The Defense Advanced Research Projects Agency recently initiated a dynamic engagement effort to uncover and explore new directions for building and deploying national security-aligned artificial intelligence and machine learning applications that people can trust without hesitation.
Through AI Forward, DARPA plans to collaborate with and help shape future research paths for the community of experts now working to make trustworthy intelligent technologies a near-term reality — and simultaneously help inform the agency’s own associated IT investment strategies going forward.

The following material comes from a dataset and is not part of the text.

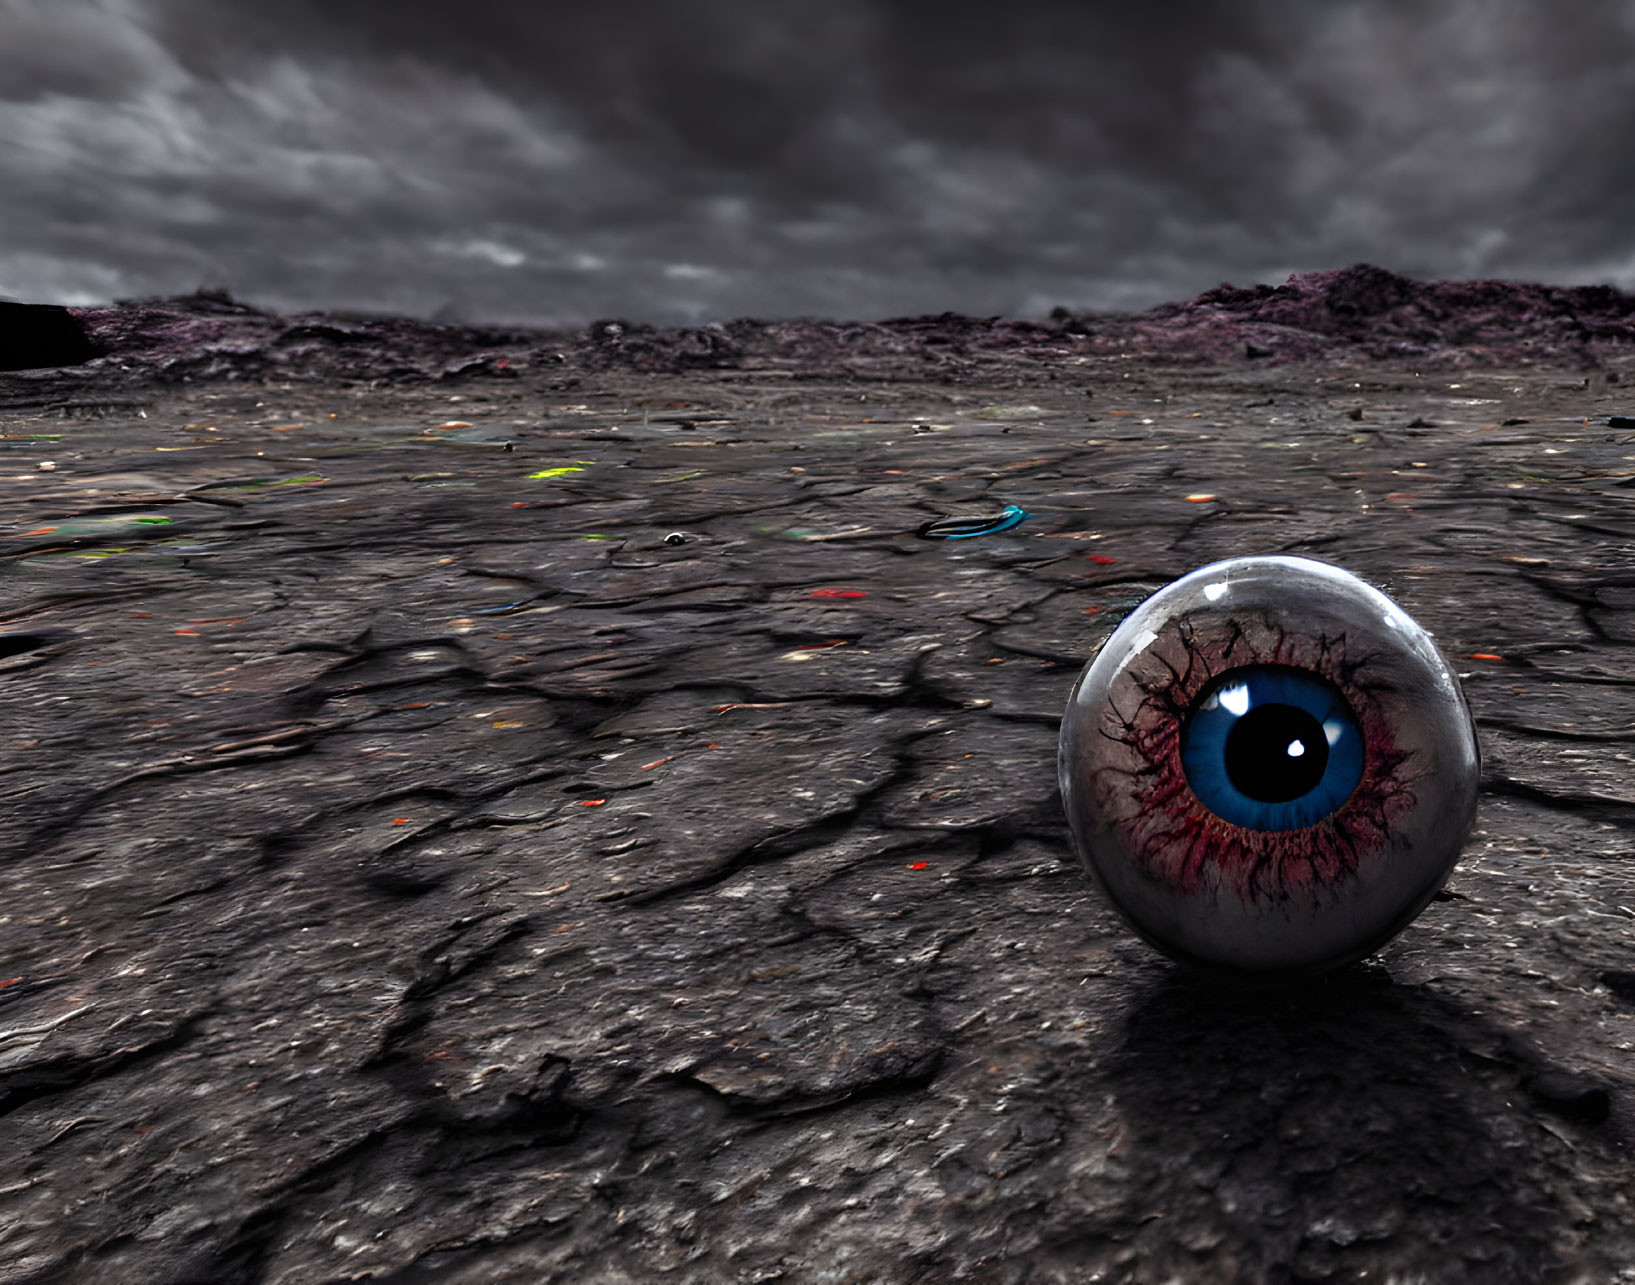 Detailed surreal image: giant eyeball on cracked barren landscape under dark sky

“DARPA has historically over decades, like dating back into the ’60s, made significant advancements in AI,” Dr. Matt Turek, deputy director of the agency’s Information Innovation Office, told DefenseScoop in an interview.
“Those investments, and certainly industry’s investments, have really led, I think, to the transformational change in AI we’re seeing now in the context of generative AI systems like ChatGPT. Those capabilities are very compelling and very impressive — but there’s still issues with them in the sense that they don’t have the level of reliability that we probably need, from a DOD perspective at least for mission-critical use cases, and for life or death decision-making. And so we think now is a really good time to engage with the broader community of industry and academia to talk about: What do we need to do to get to highly trustworthy AI? What are the right sort of investments to make there? What are the right directions to go in, particularly directions that might not be driven by commercial investment?” he explained.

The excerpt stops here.